Nombre d’industriels délocalisent sans craindre d’être dépossédés de leur outil de production. Mais le contrôle des technologies et des connaissances reste l’objet de tous leurs soins.

Au commencement, il y eut les vagues de fusions-acquisitions. Avides de taille critique, les grandes entreprises cherchaient à grandir, presque à tout prix. Ces opérations suscitaient beaucoup de commentaires positifs au sein de la communauté financière et des médias. Excès d’optimisme, sans doute : “La littérature économique montre que trois-quarts des opérations aboutissent à un échec, souligne Michel De Greef, professeur d’économie à l’École de commerce Solvay. La tendance à se “concentrer sur les activités de base” d’une entreprise est souvent la conséquence de ces opérations : il faut se débarrasser des morceaux de sociétés devenus inutiles.

La tempête Tchuruk

‘est un peu le cas d’Alcatel, même si son PDG Serge Tchuruk a déclenché une véritable tempête de commentaires en annonçant l’arrivée de ” l’entreprise sans usine “. En fait, la fabrication des composants nécessaires à l’assemblage d’un système sera simplement transférée à une multitude d’entreprises sous-traitantes. “Pratiquement plus aucune entreprise ne cherche à tout fabriquer elle-même, résume Michel Theys (ex-Sema Group Belgique). Ce serait hors de prix de vouloir se maintenir à la pointe du progrès pour de nombreux composants.
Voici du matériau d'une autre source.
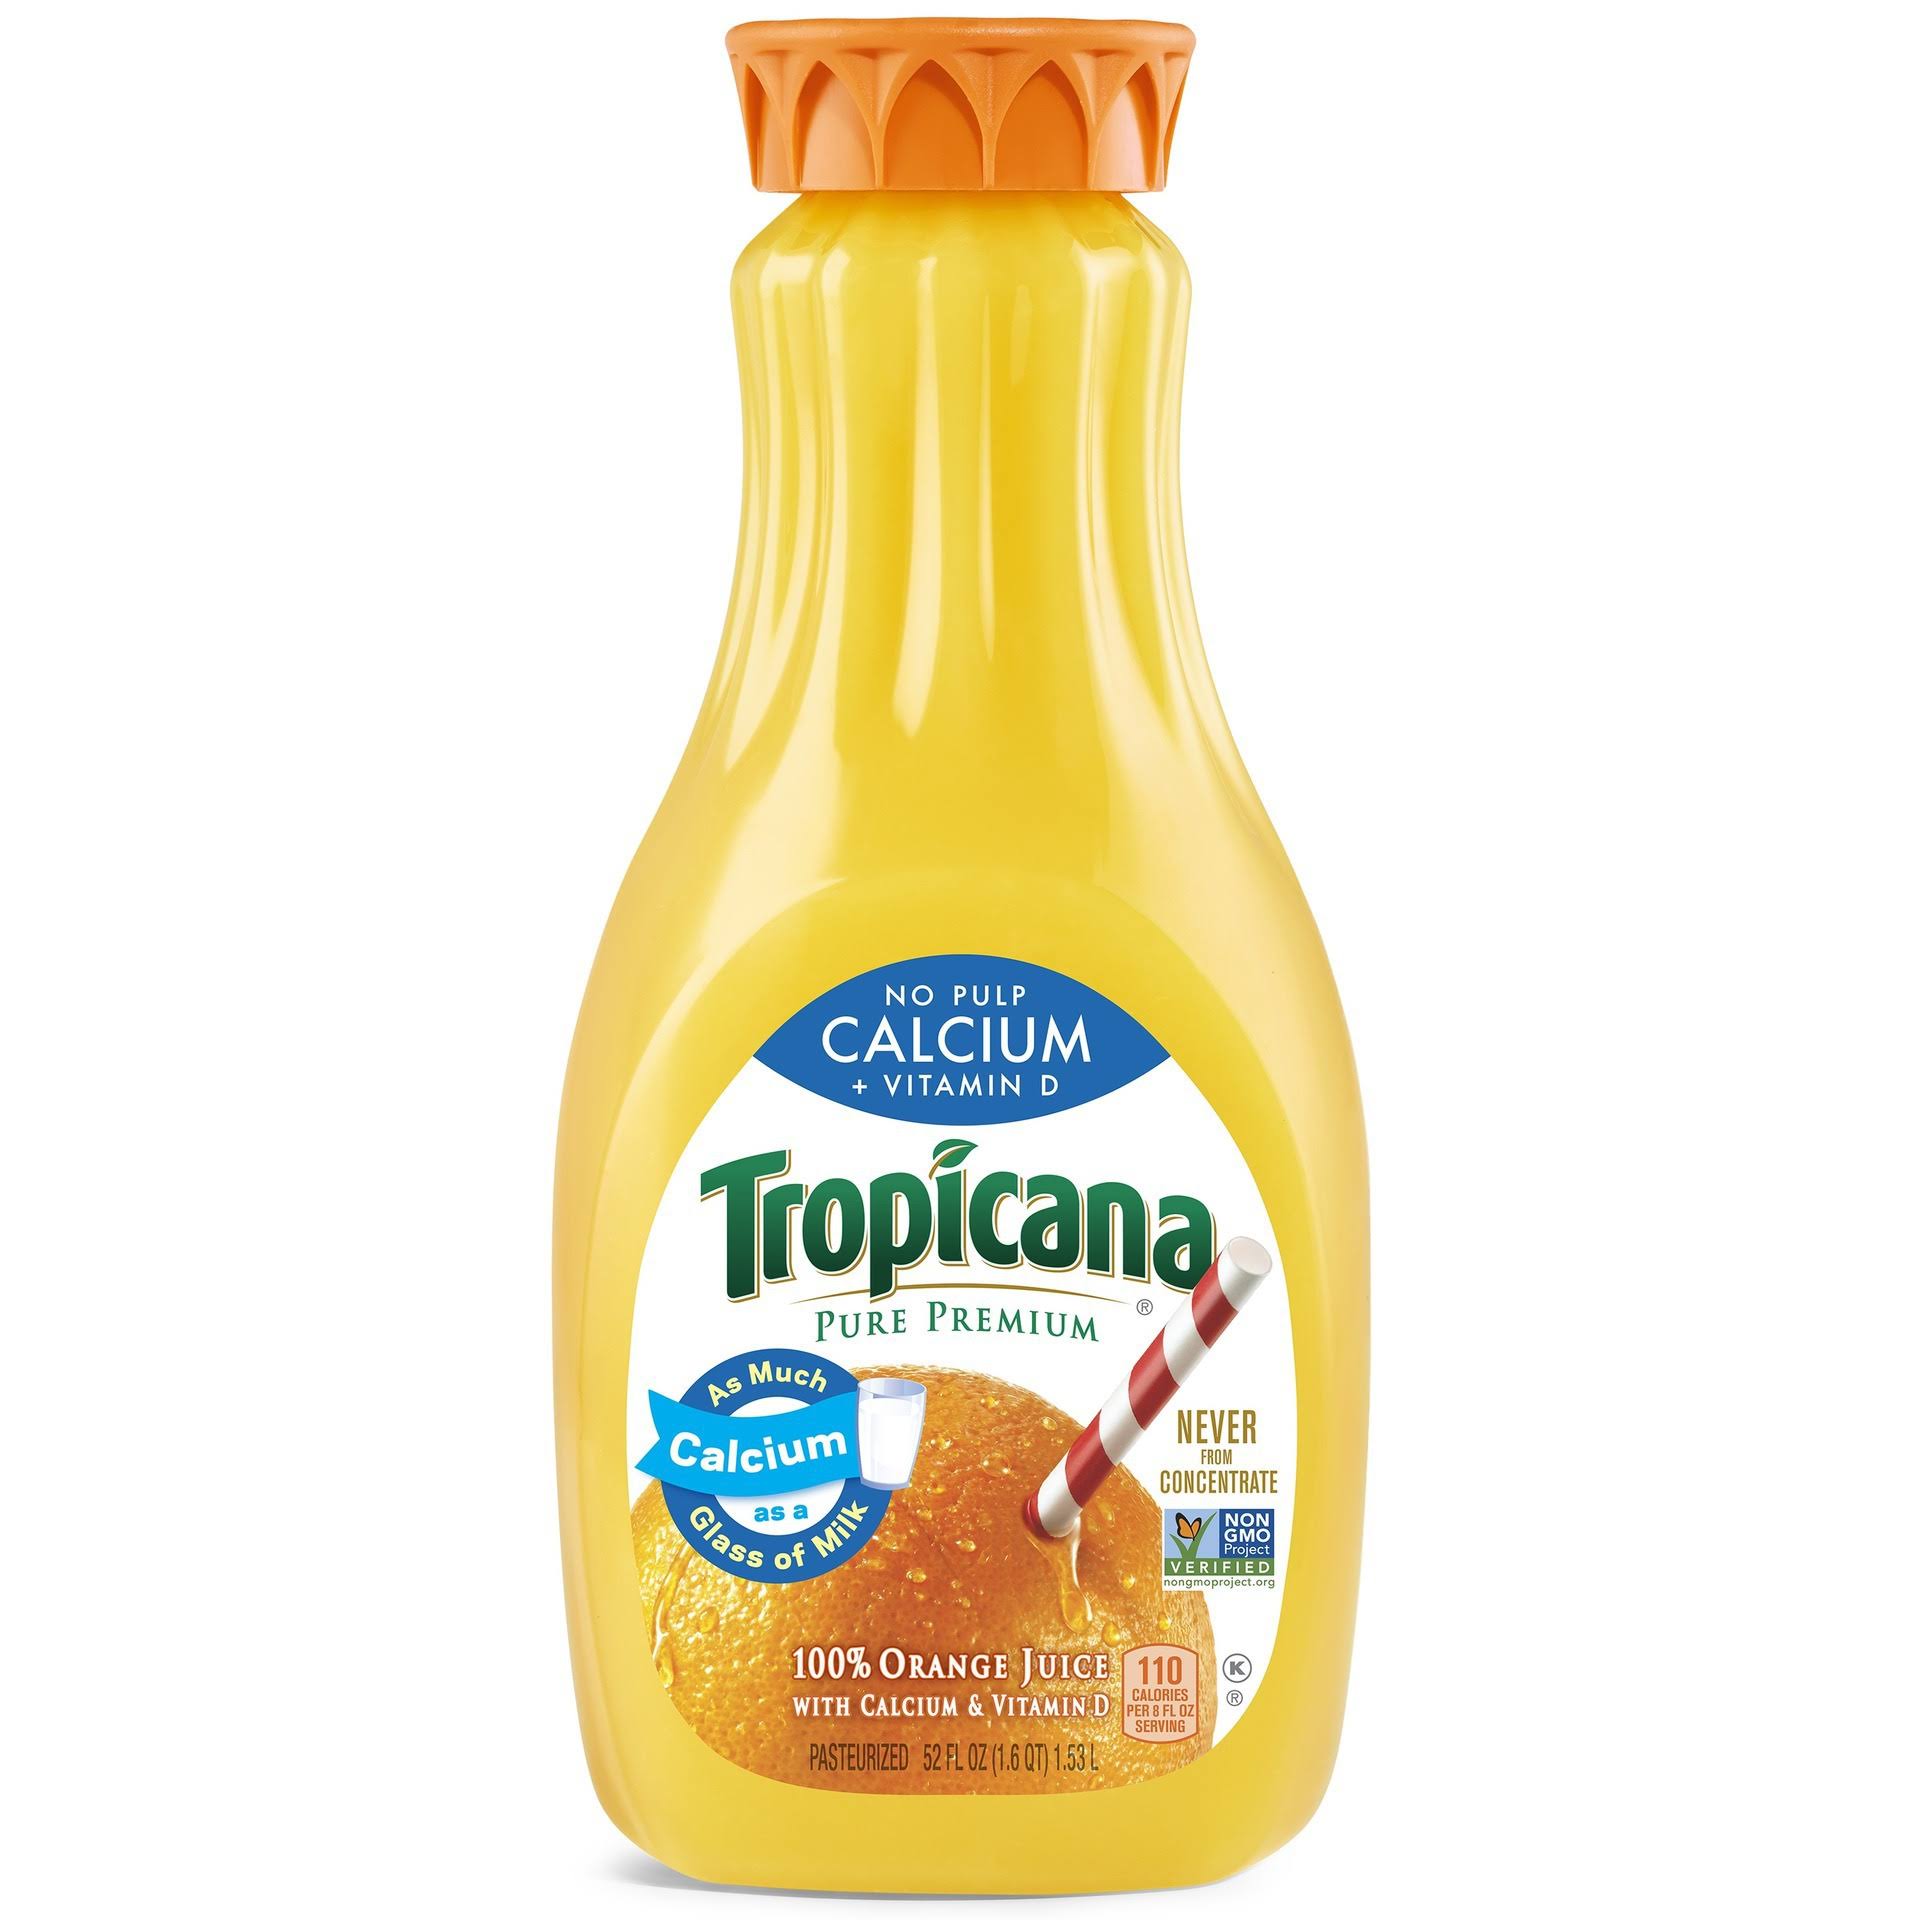 Tropicana Orange Juice, Calcium + Vitamin D, No Pulp - 52 fl oz

Dans le domaine des télécoms, la durée de vie des composants varie de 1 à 3 ans. Il faut donc entretenir des laboratoires d’ingénieurs extrêmement performants pour renouveler en permanence les gammes de produits. ” Il faut aussi disposer d’usines d’assemblage capables de gérer ces flux de production tout en dégageant des bénéfices.D’où le recours aux sous-traitants : fabriquant d’énormes volumes de composants très standardisés dans des pays généralement à bas salaires, mais avec un niveau de qualité conforme aux exigences de leurs clients. Ces producteurs sous-traitants, très spécialisés, gagnent de l’argent là où, sans doute, une entreprise intégrée ne suivrait pas la cadence.Mais ces sous-traitants évoluent. S’appuyant sur des compétences techniques de plus en plus vastes et sophistiquées, certains tirent leur production vers des sous-ensembles adaptables à plus haute valeur ajoutée. Ainsi, le fabricant taïwanais d’informatique Acer, qui s’est progressivement imposé comme marque crédible.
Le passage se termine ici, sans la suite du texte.